Cyberpunk is defined as a subgenre of Science Fiction, it focuses mainly on the lives of humans where technology is not only being used to assist humans but has become such an important part of humans that it can also be compared to a prosthesis, an artificial support in lieu of a physical organ. The change in society due to advancement in science and technology and its impact on culture and human behaviour. It doesn’t describe a utopian future but a more plausible future which could be predicted keeping in view the drug culture and sexual revolution of the current society. It is often described by low life and high technological advancement.

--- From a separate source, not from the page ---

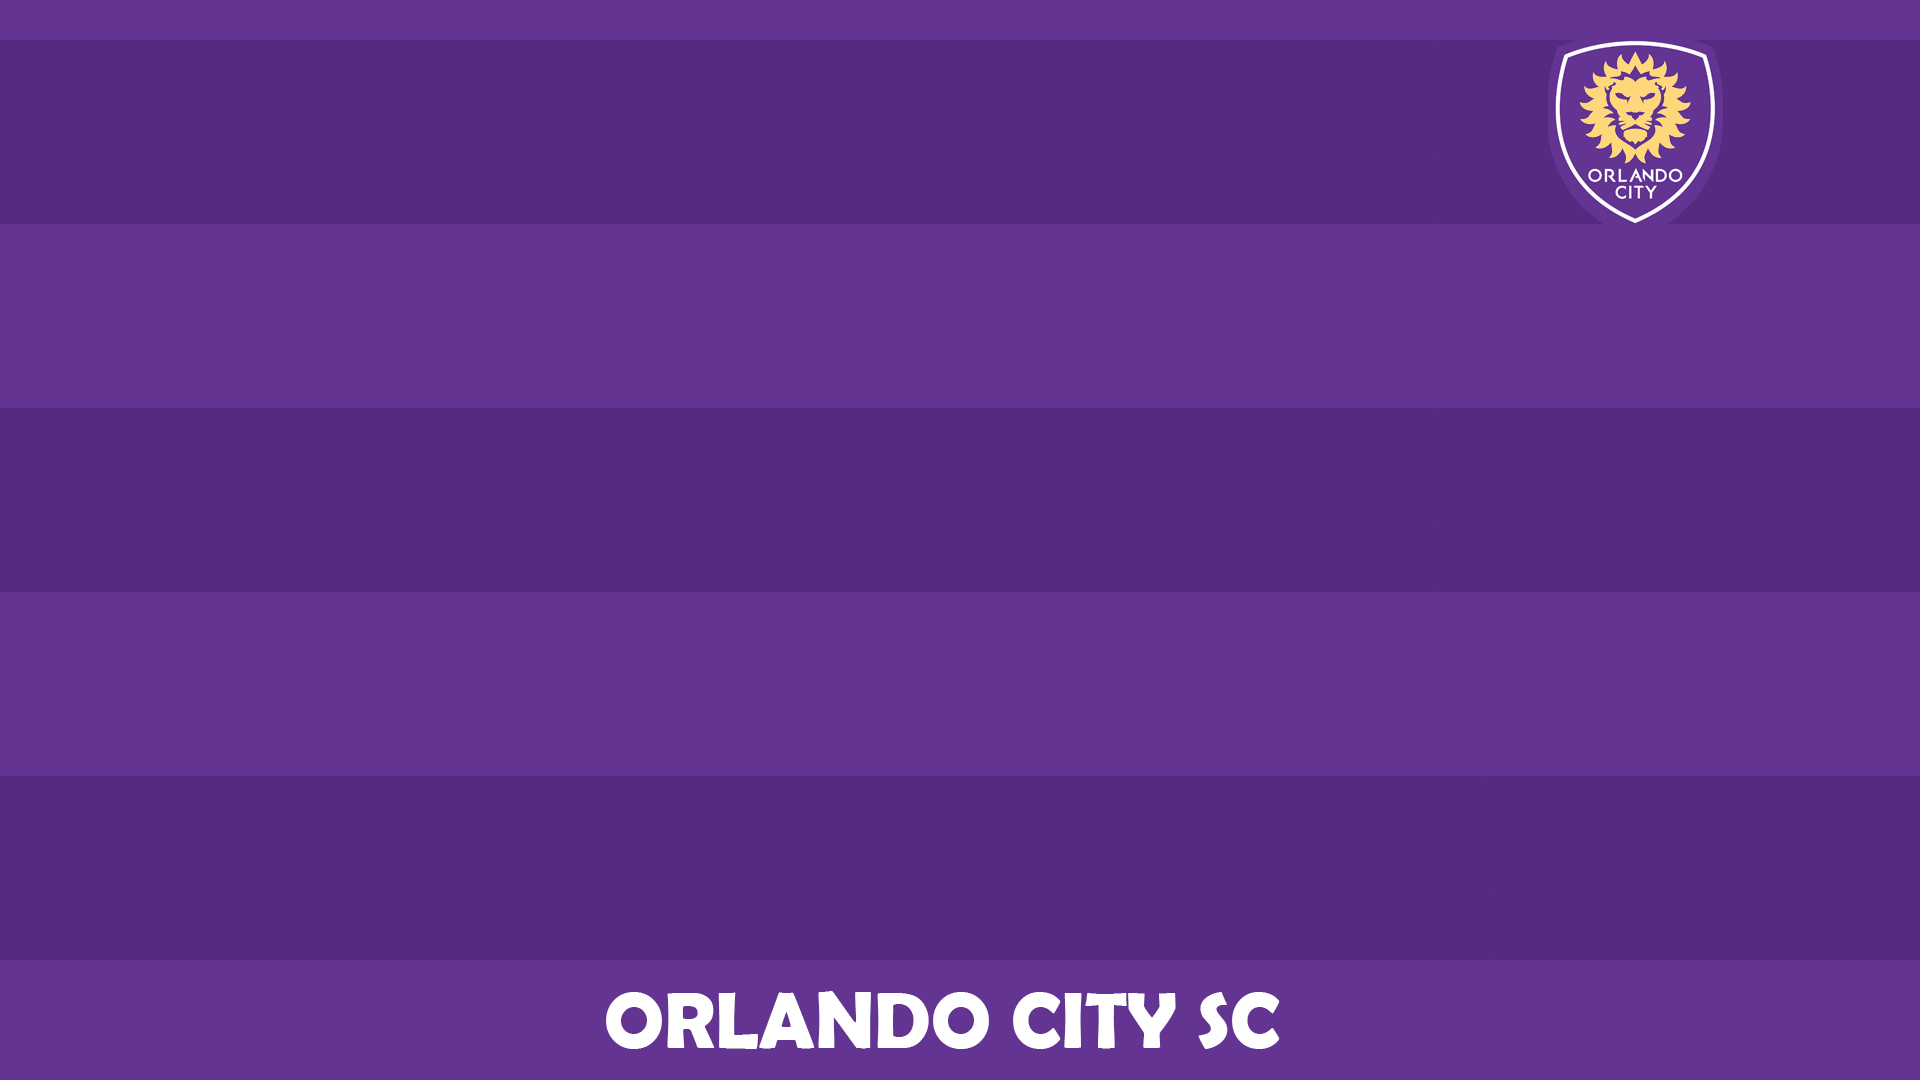 48 Orlando City IPhone Wallpaper HD Orlando City IPhone

Blade runner is one of the early films that has captured the essence of Cyberpunk. It is loosely based on Philip K. Dick's novel ‘Do Androids Dream of Electric Sheep?’
The film is set 2019 Los Angeles, it is not the same Los Angeles that comes to our mind, but a darker and unambiguously dystopian future where Humans and Replicants ‒synthetic human‒live together. The film has many themes, in this article the theme of ‘what makes us human?’ shall be given special attention. The ending of the movie closes on a very vague note and it is left for us to decide what constitutes a human? Is it the consciousness or is it something more?
The movie confuses us to the point that we are compelled to realise that there is nothing special on being a human, we are just a bundle of cells that has evolved to the point that we are aware of our existence.
SPOILERS
The end of the movie is the one of the most bizarre endings in the cinema’s history. A little context before, Rick Deckard , who is the protagonist in the film is a blade runner, which means he eliminates replicant which are desired or ordered to be eliminated by the authorities on top. The movie concludes by taking the character of Rick Deckard as a symbol, which refers to us -humans- in general and creating a situation where it is reviled that the Deckard is a replicant and he is unaware about it because false memories were implanted in him, which gave him the assurance that he had a real childhood like other people.
The movie compels us to think about the things that makes us unique and then shatters that by making us question, is anything ‒when we can’t even rely on our memories‒real? It plummets down the veneer that is forged and makes us question our reality when the very memory on which this reality is based, turn out to be a manufactured facade hiding nothing.